_DATASET RECORDS_
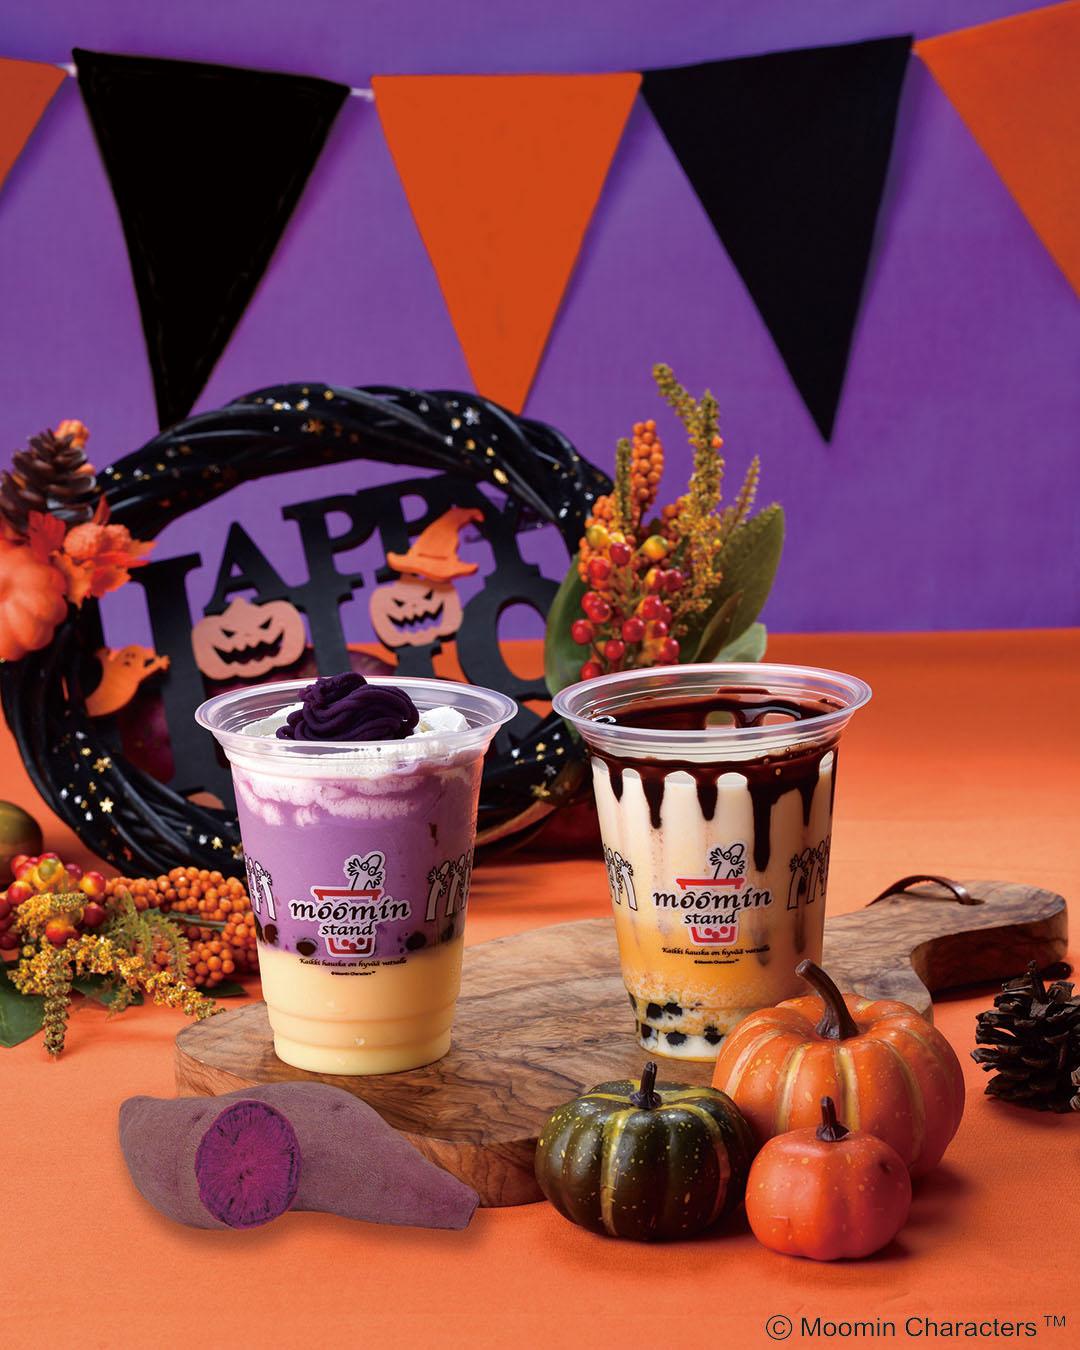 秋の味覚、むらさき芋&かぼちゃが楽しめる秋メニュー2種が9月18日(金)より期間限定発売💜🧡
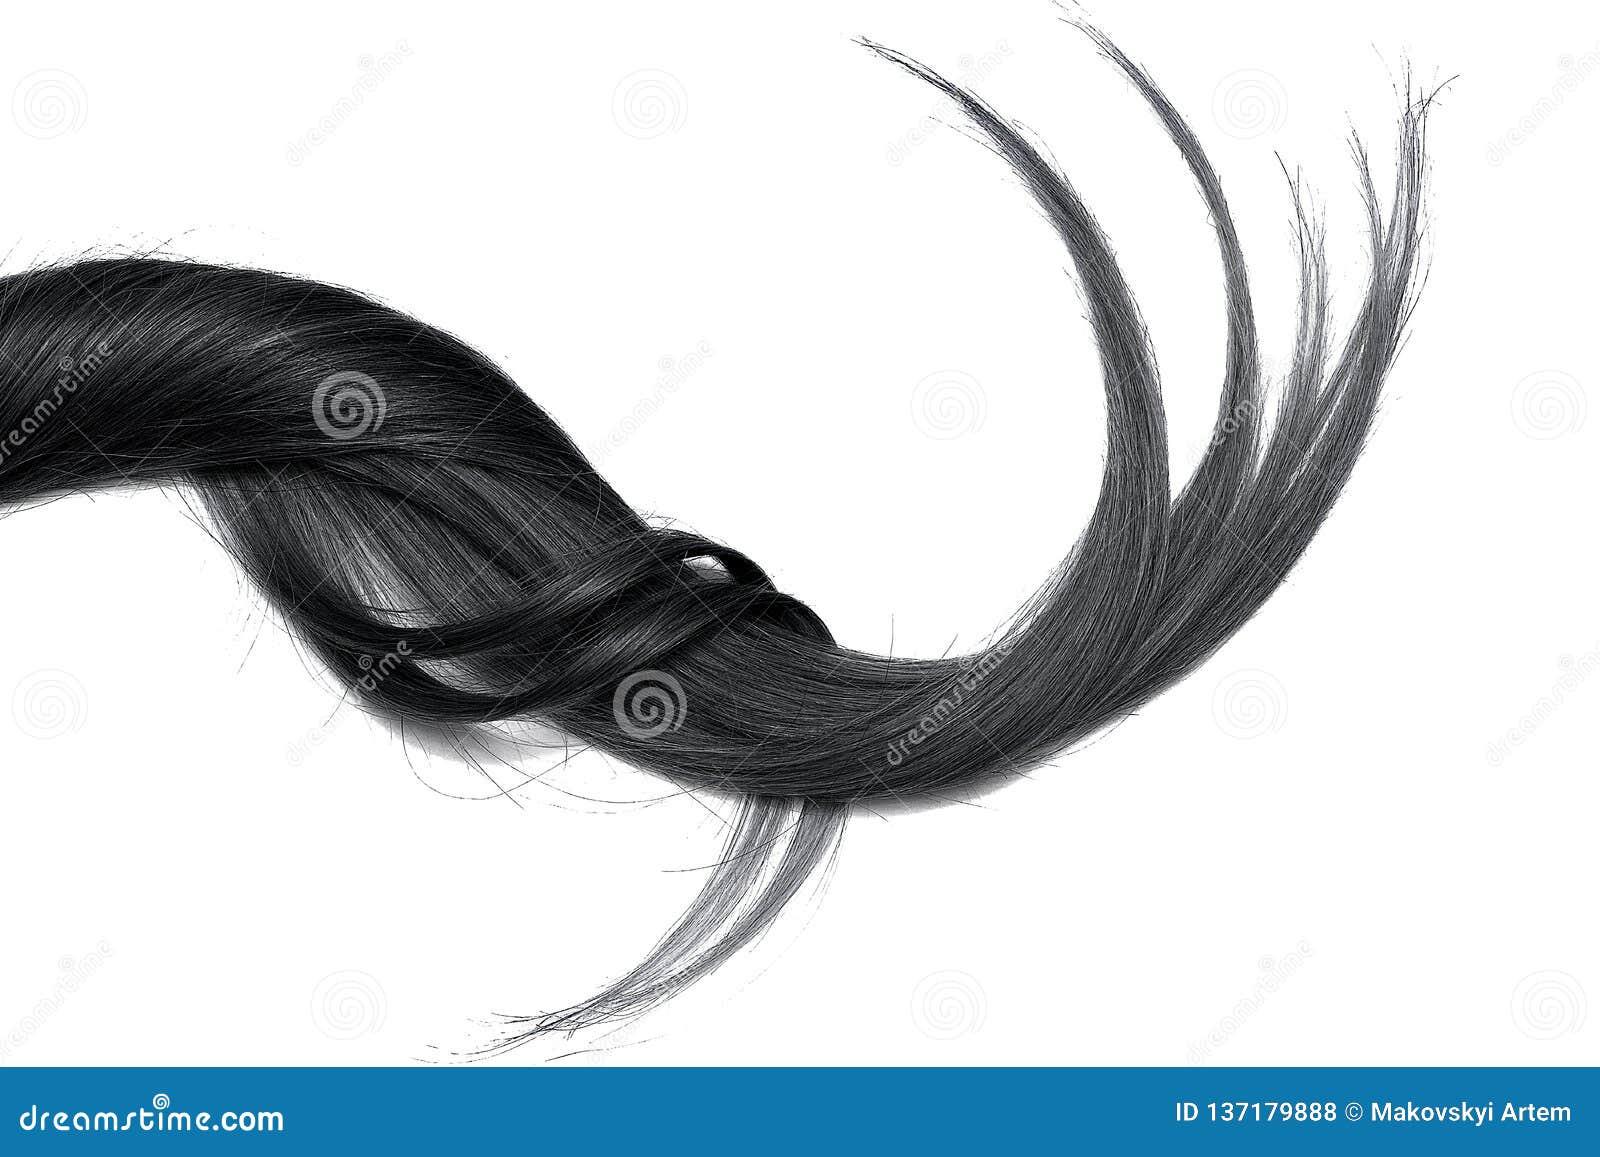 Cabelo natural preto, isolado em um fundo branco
...
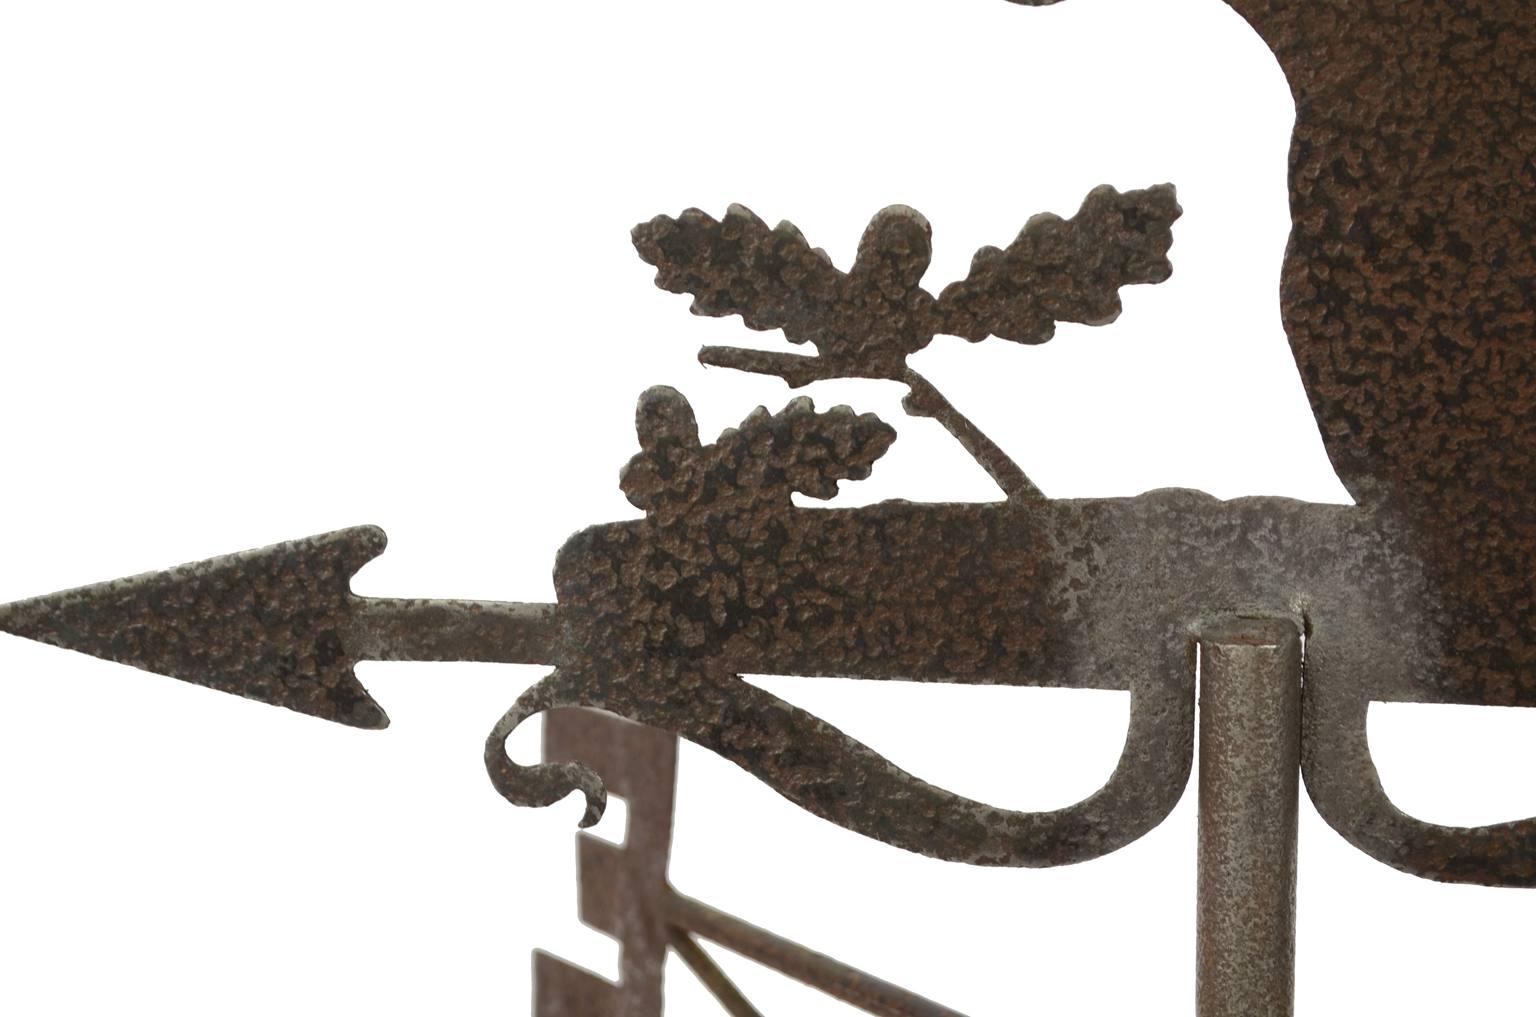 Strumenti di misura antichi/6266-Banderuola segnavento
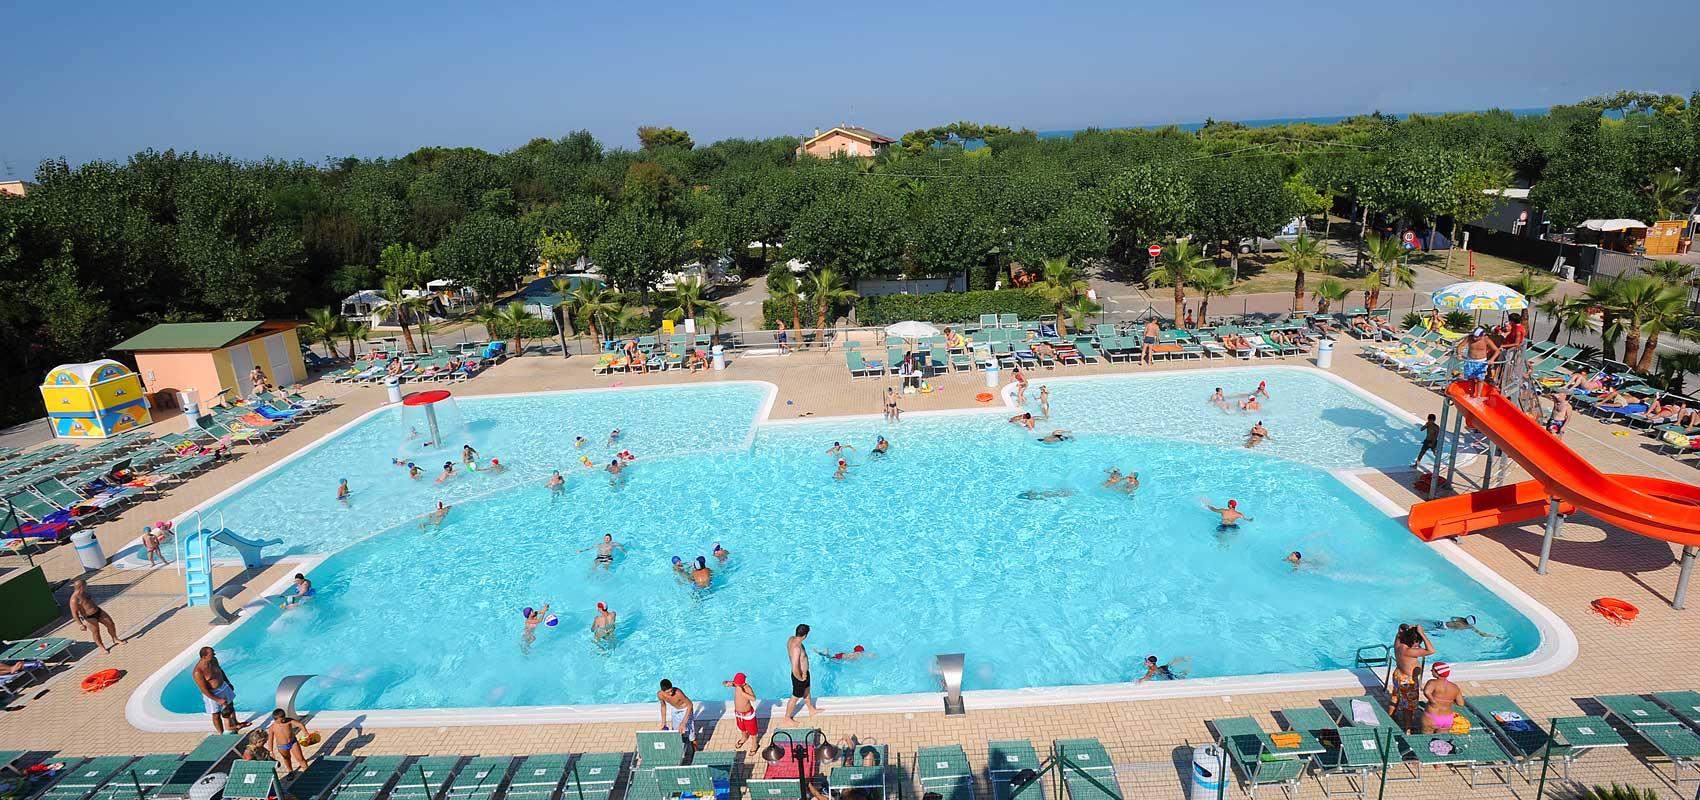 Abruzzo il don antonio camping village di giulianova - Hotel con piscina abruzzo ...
...
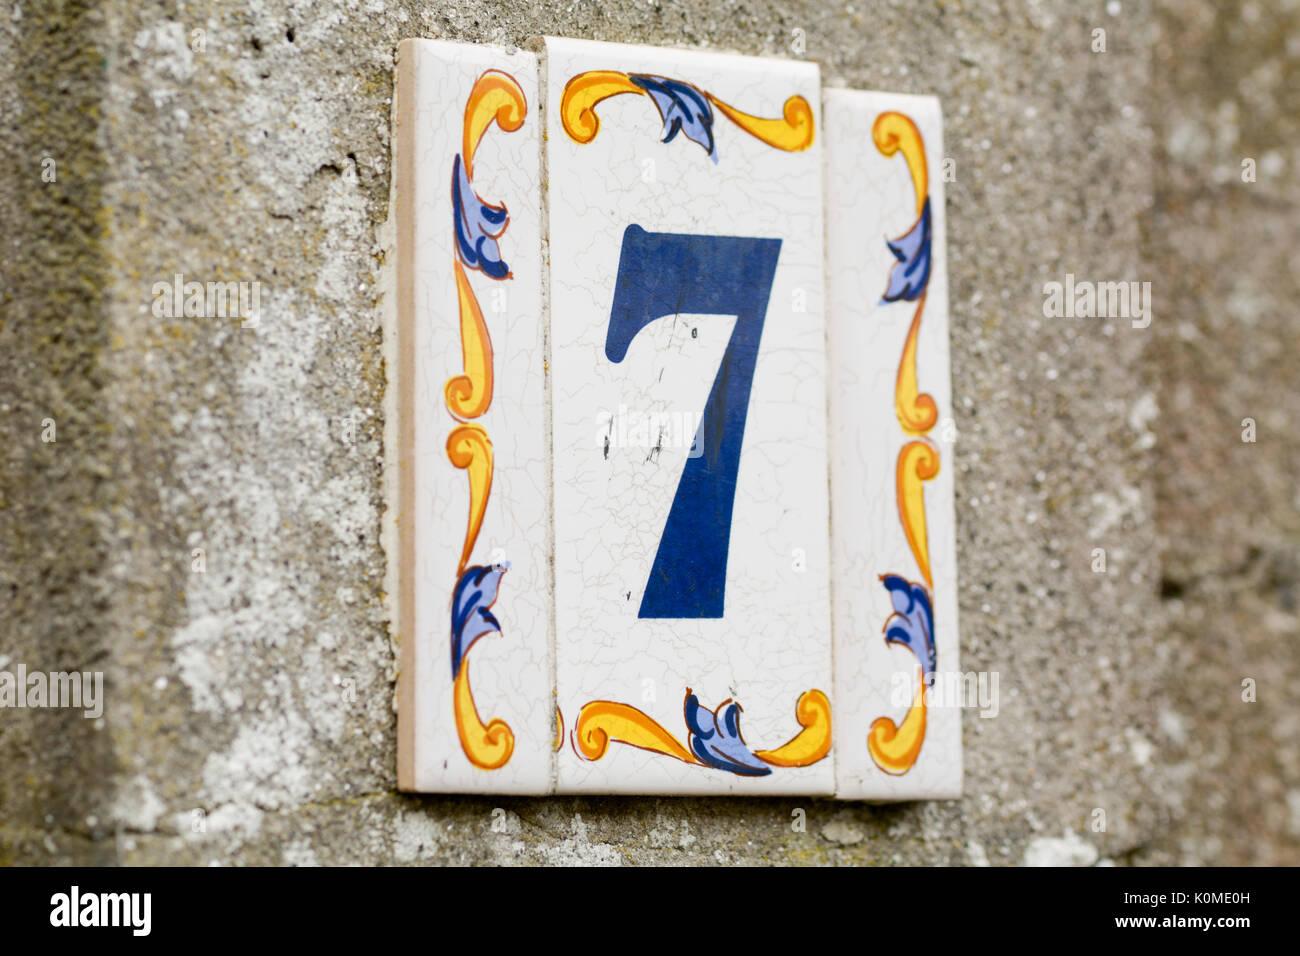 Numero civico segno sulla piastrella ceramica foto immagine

_WORK INSTRUCTIONS_
What you write out is the stretch of entries from the line containing "秋の味覚、むらさき芋&かぼち" to the line containing "Cabelo natural preto, isolado", word for word, with both end lines and no pictures.

_SOLUTION_
 秋の味覚、むらさき芋&かぼちゃが楽しめる秋メニュー2種が9月18日(金)より期間限定発売💜🧡
 Cabelo natural preto, isolado em um fundo branco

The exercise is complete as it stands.